Preparing Your Business for EPR Compliance

As EPR laws expand across the United States, businesses should:

  1. Assess your exposure: Determine which states you operate in and their EPR requirements
  2. Track your packaging: Collect data on packaging volumes, materials, and weights
  3. Register promptly: Join a PRO or develop an individual plan before deadlines
  4. Redesign for sustainability: Consider packaging changes to reduce EPR fees
  5. Monitor legislation: Stay informed about new EPR laws in development

The EPR landscape continues evolving rapidly. Maryland and Washington became the sixth and seventh states to pass EPR packaging legislation in 2025, and additional states including New Jersey, Tennessee, and New York have introduced EPR bills.

Conclusion

Extended Producer Responsibility represents a significant shift in how the United States manages packaging waste. While currently limited to seven states, EPR momentum continues building nationwide.

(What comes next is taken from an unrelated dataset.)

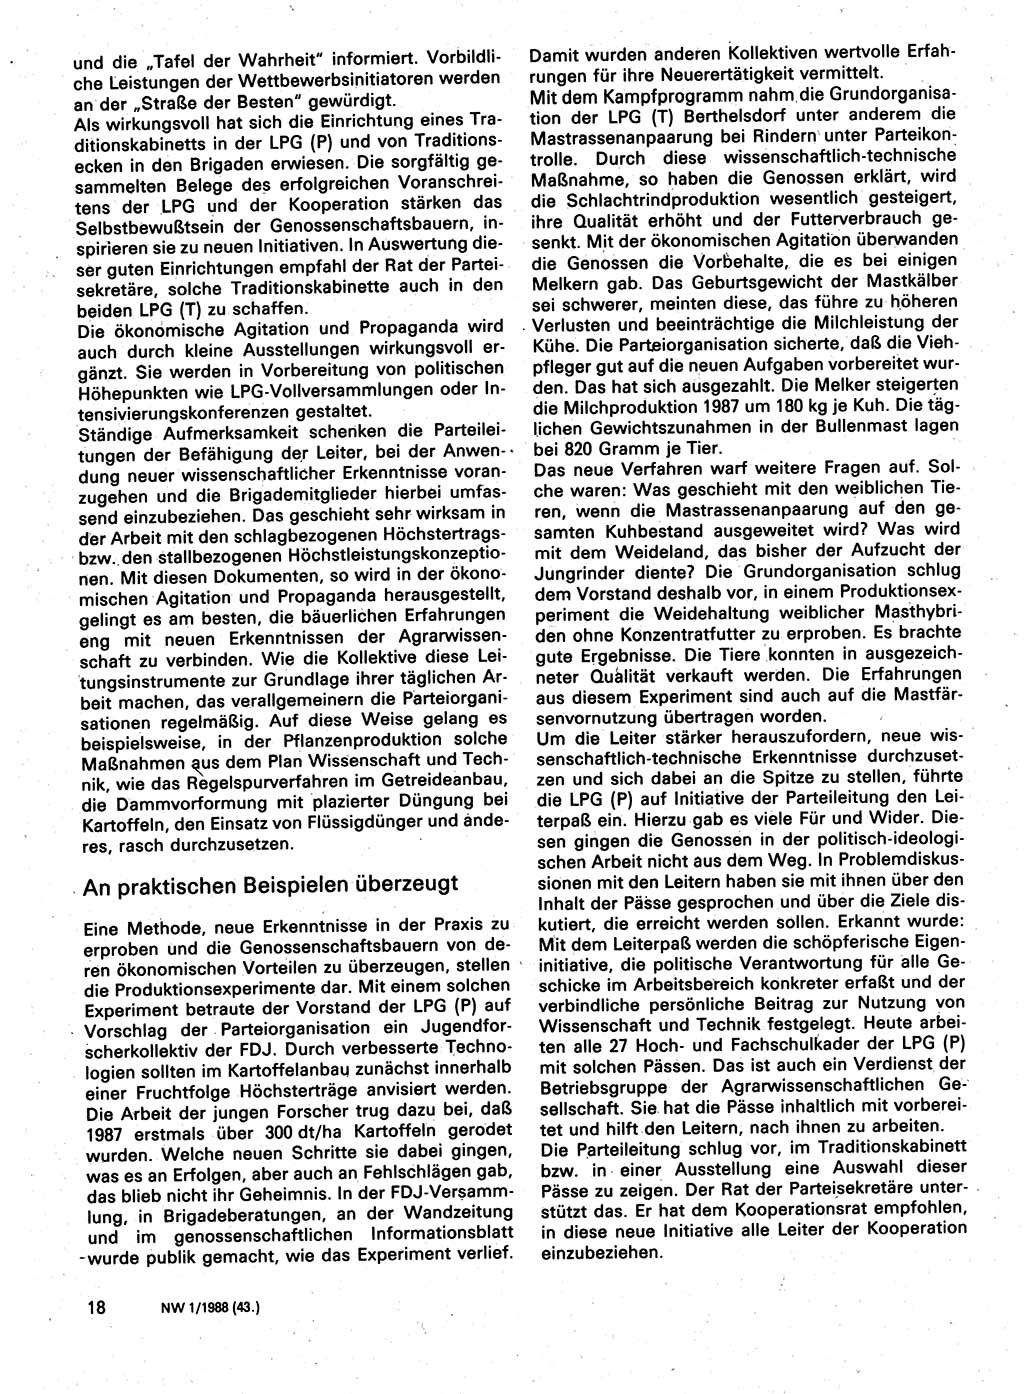 Neuer Weg (NW), Organ des Zentralkomitees (ZK) der SED (Sozialistische Einheitspartei Deutschlands) für Fragen des Parteilebens, 43. Jahrgang [Deutsche Demokratische Republik (DDR)] 1988, Seite 18 (NW ZK SED DDR 1988, S. 18)

Businesses that proactively prepare for EPR requirements will be better positioned to manage costs, maintain compliance, and demonstrate environmental leadership in an increasingly sustainability-focused marketplace.

Understanding your EPR obligations now whether through joining a PRO, redesigning packaging, or tracking regulatory developments—will help your business navigate this new environmental policy landscape successfully.